● WHAT TO DO: Output every entry below exactly, without its pictures.

[DATA FOR ANALYSIS — start]

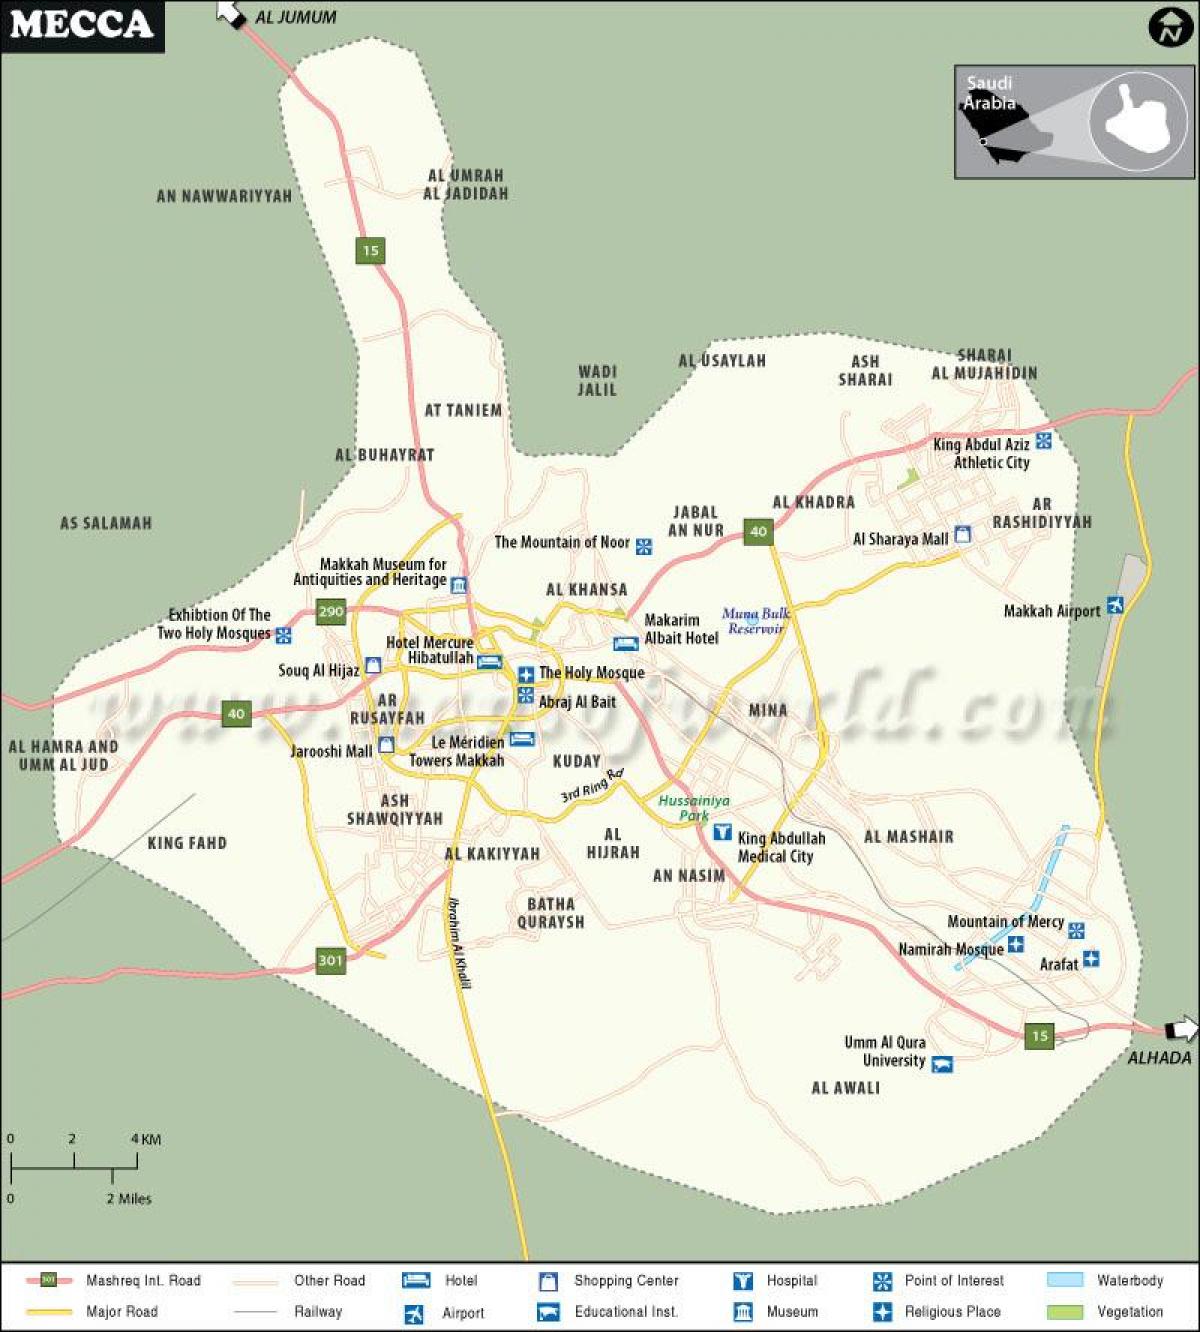 メッカ(Makkah)の観光マップ
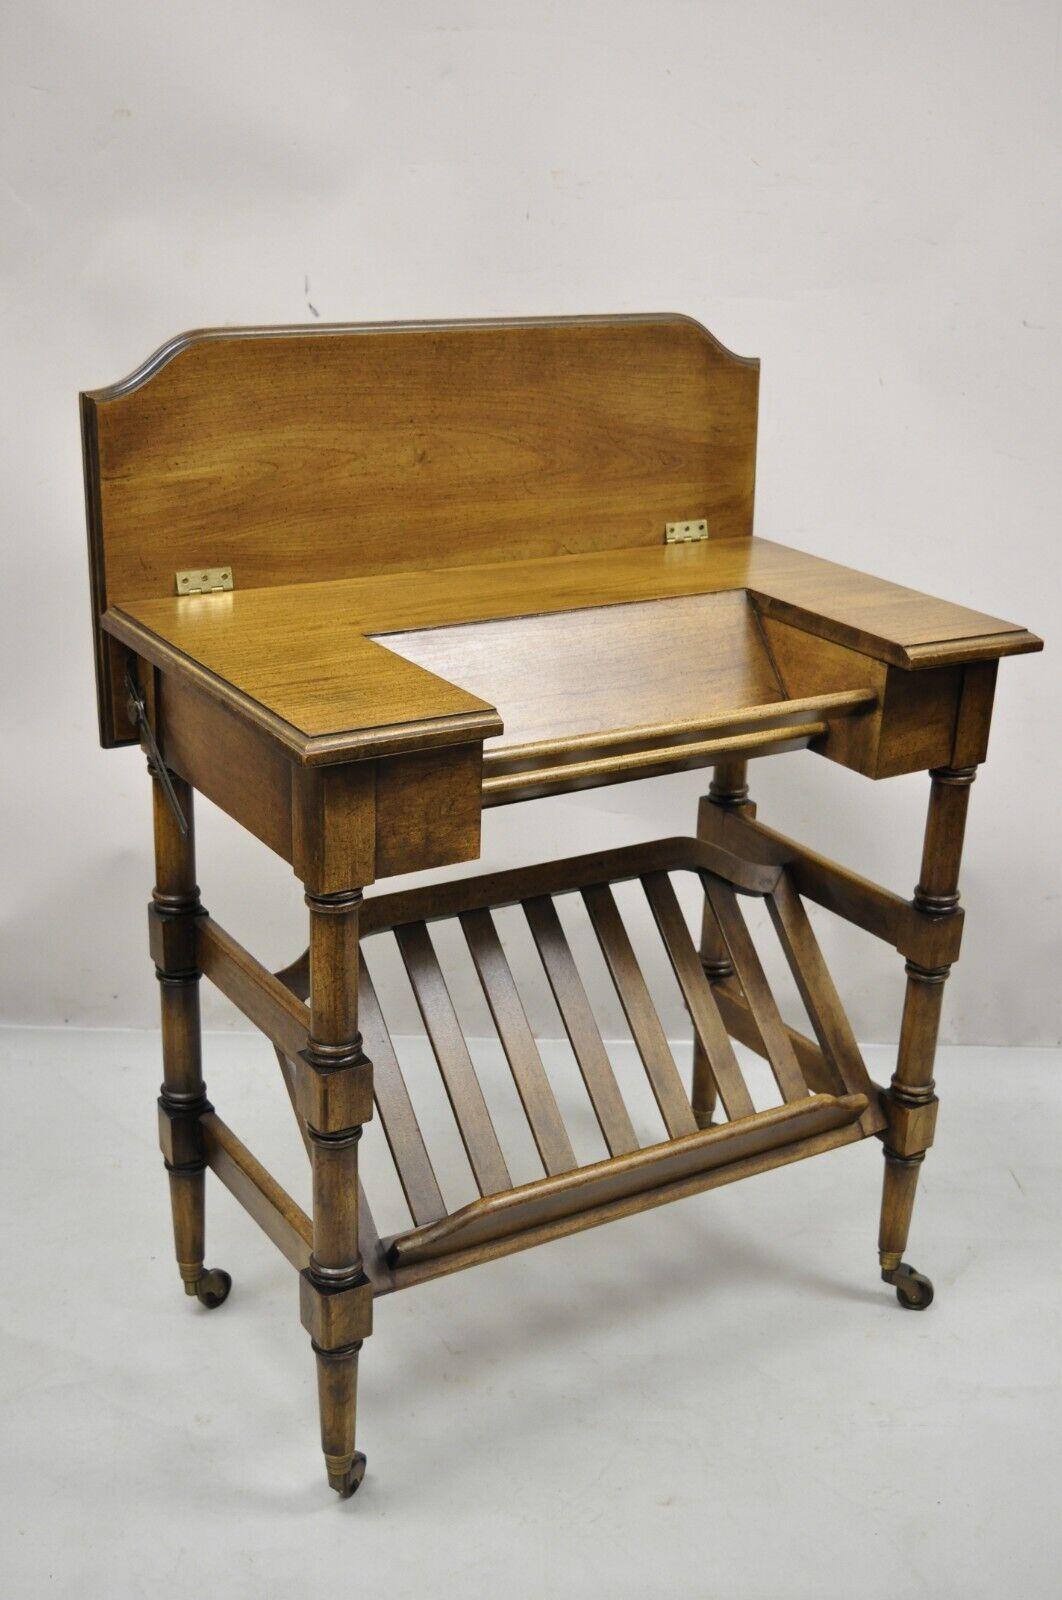 Vintage Brandt flip top Piano style small wooden writing desk table. L'article est doté de roulettes, d'un couvercle rabattable, d'une étagère inférieure, d'un label d'origine, d'un très bel article vintage, d'une fabrication américaine de qualité,
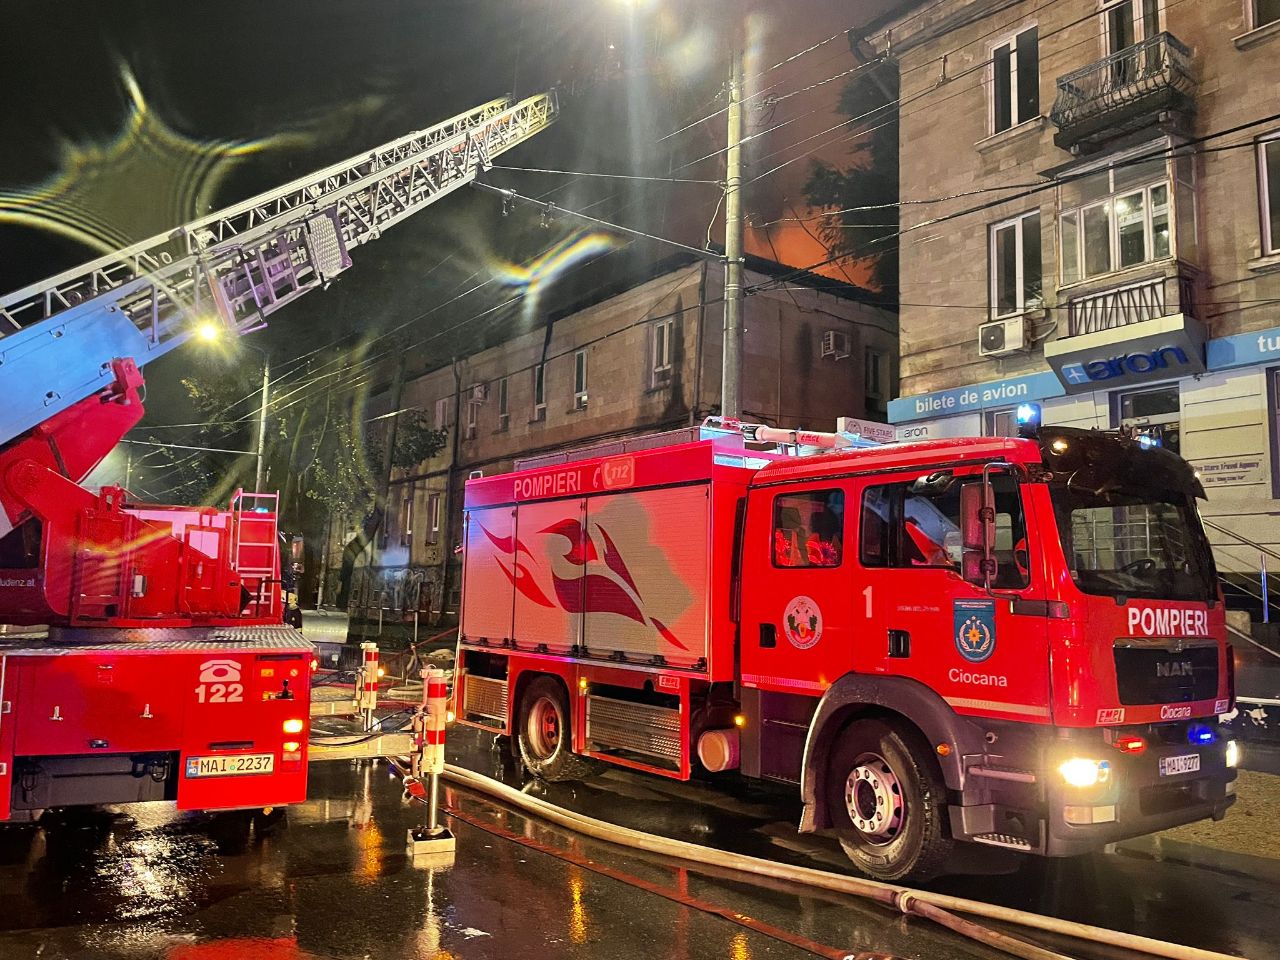 (ФОТО) В центре Кишинева горело здание Ассоциации незрячих. Что рассказали в службе спасателей
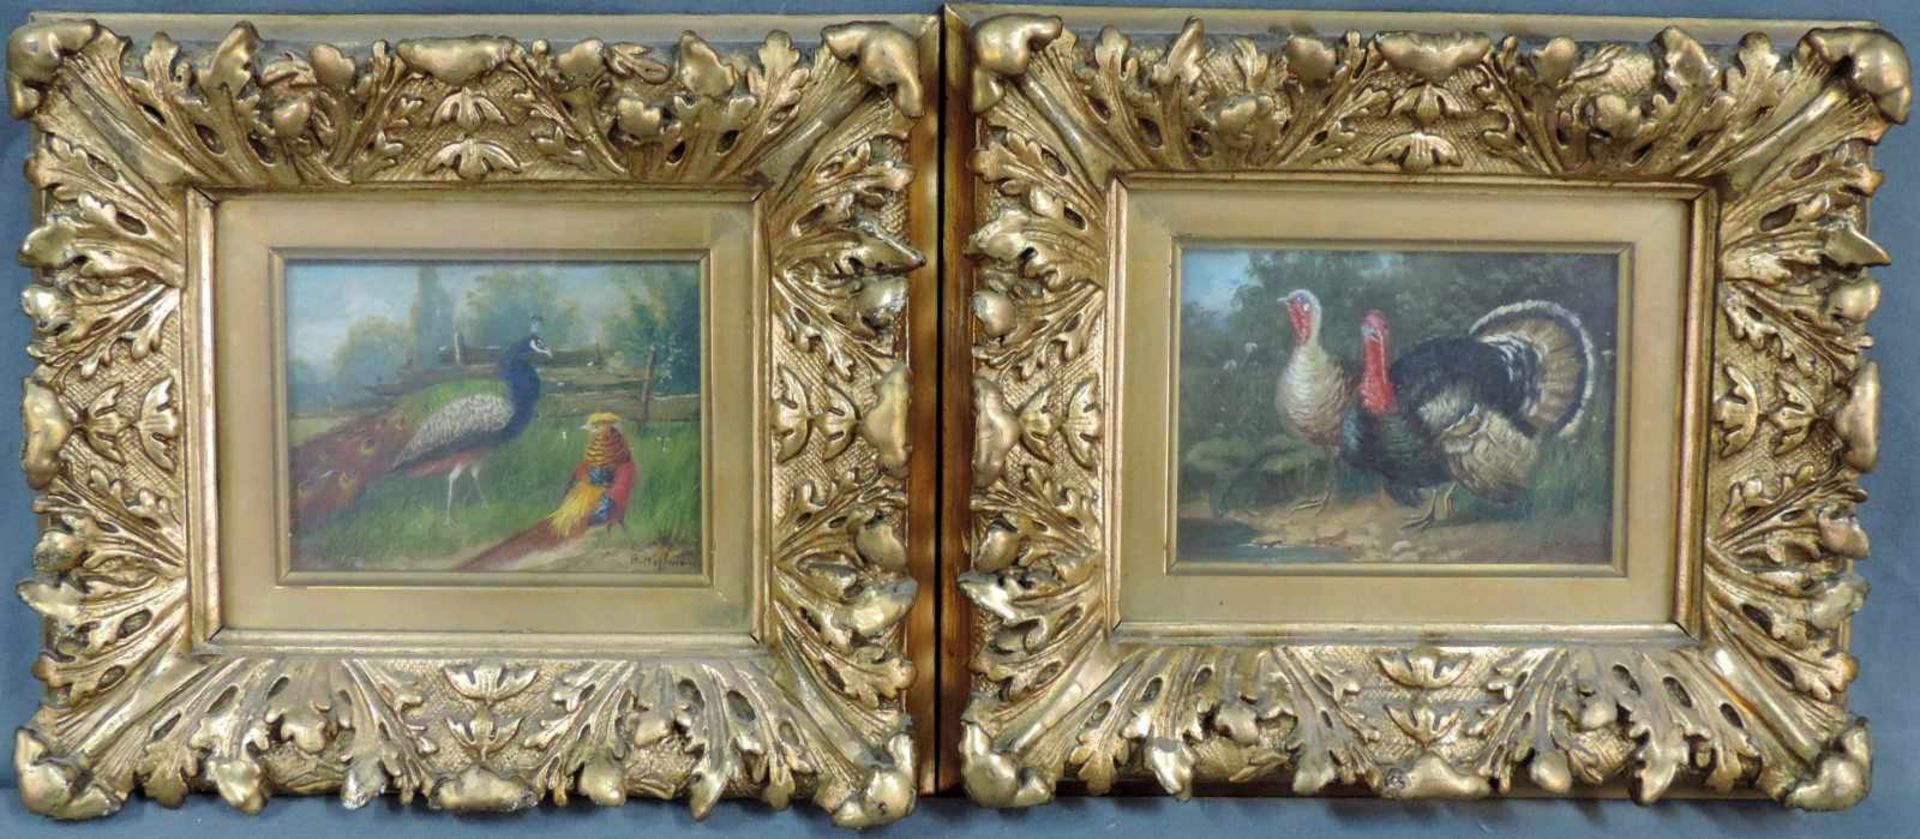 E. HOFFMANN (XX). Zwei Vogelbilder. Je 9,5 cm x 13 cm. Gemälde. Öl auf Holz. Rechts unten
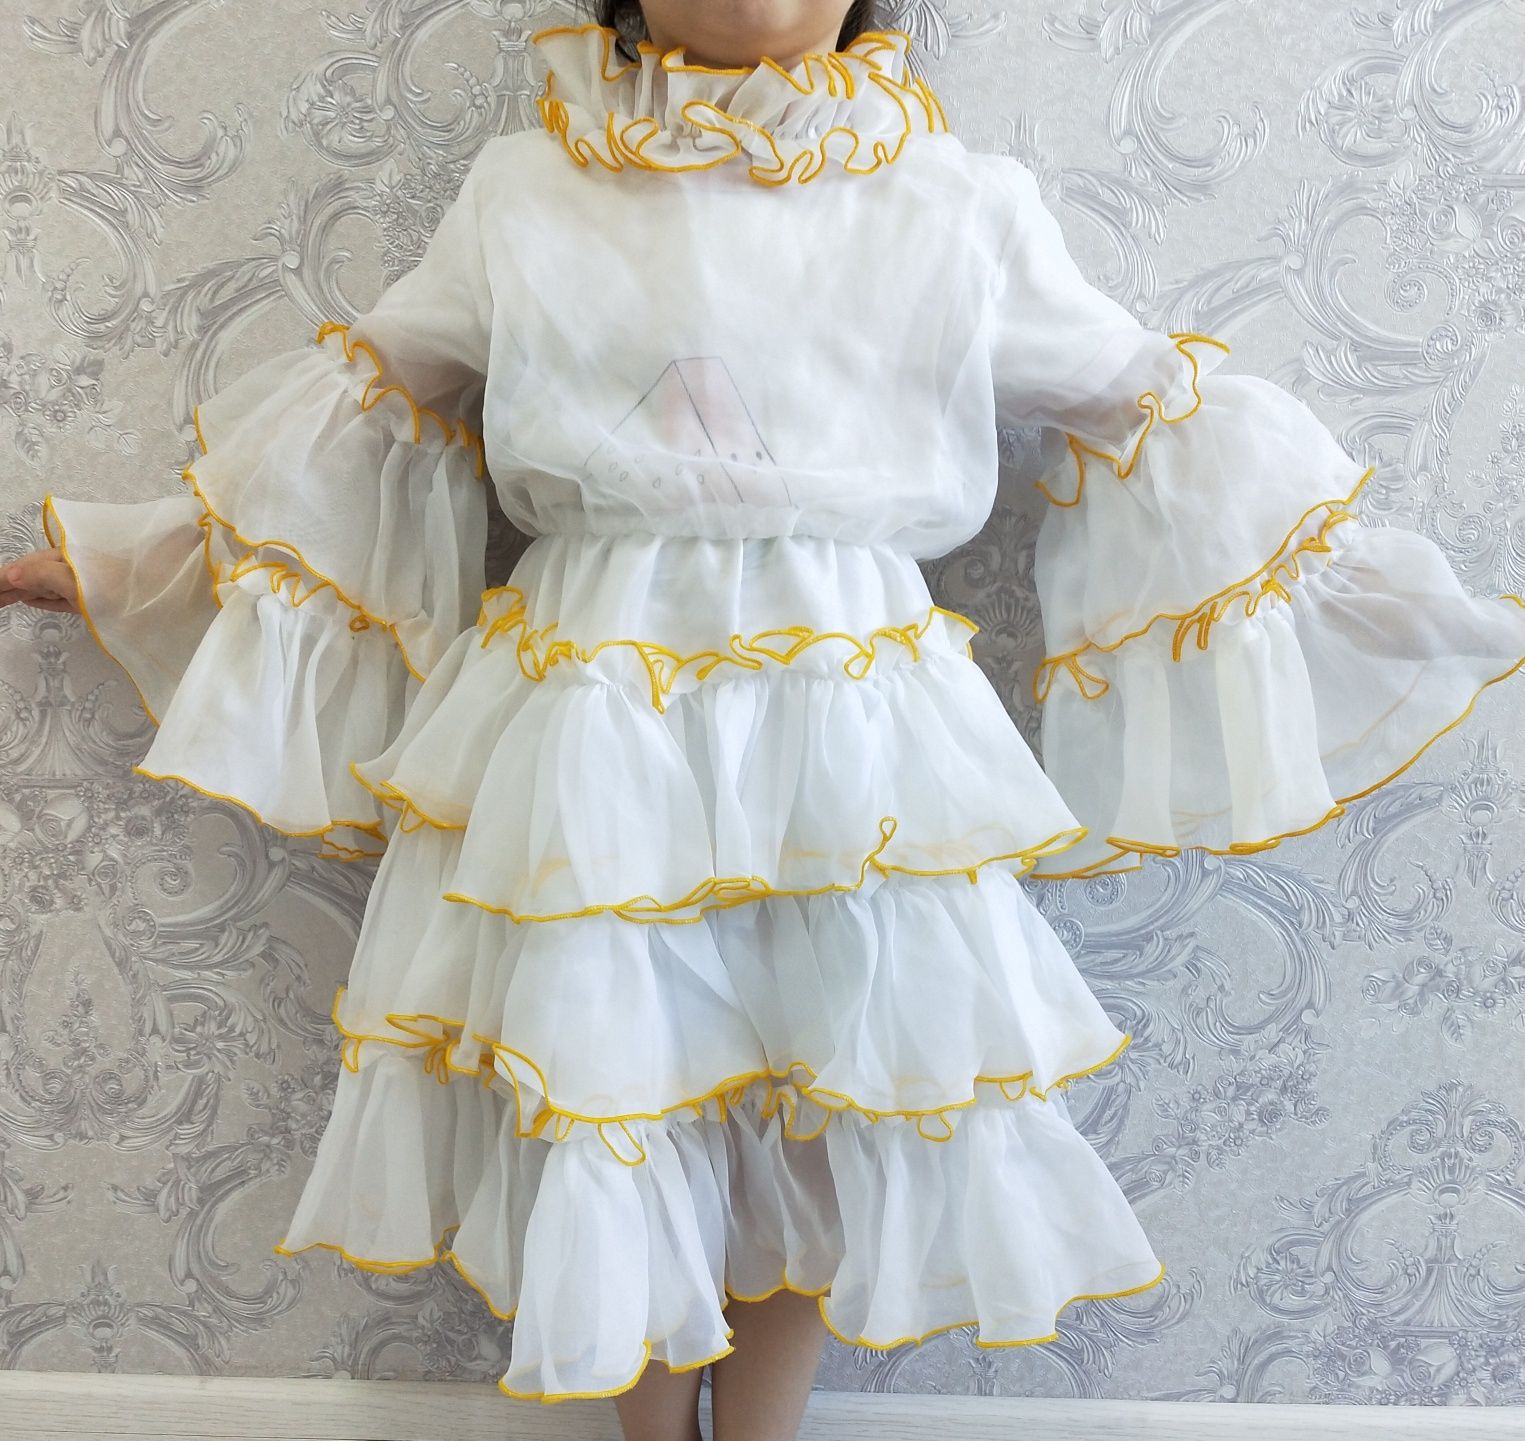 Казахский костюм для девочек Полный комплект

[DATA FOR ANALYSIS — finish]

● RESPONSE BELOW:
 メッカ(Makkah)の観光マップ
 Vintage Brandt flip top Piano style small wooden writing desk table. L'article est doté de roulettes, d'un couvercle rabattable, d'une étagère inférieure, d'un label d'origine, d'un très bel article vintage, d'une fabrication américaine de qualité,
 (ФОТО) В центре Кишинева горело здание Ассоциации незрячих. Что рассказали в службе спасателей
 E. HOFFMANN (XX). Zwei Vogelbilder. Je 9,5 cm x 13 cm. Gemälde. Öl auf Holz. Rechts unten
 Казахский костюм для девочек Полный комплект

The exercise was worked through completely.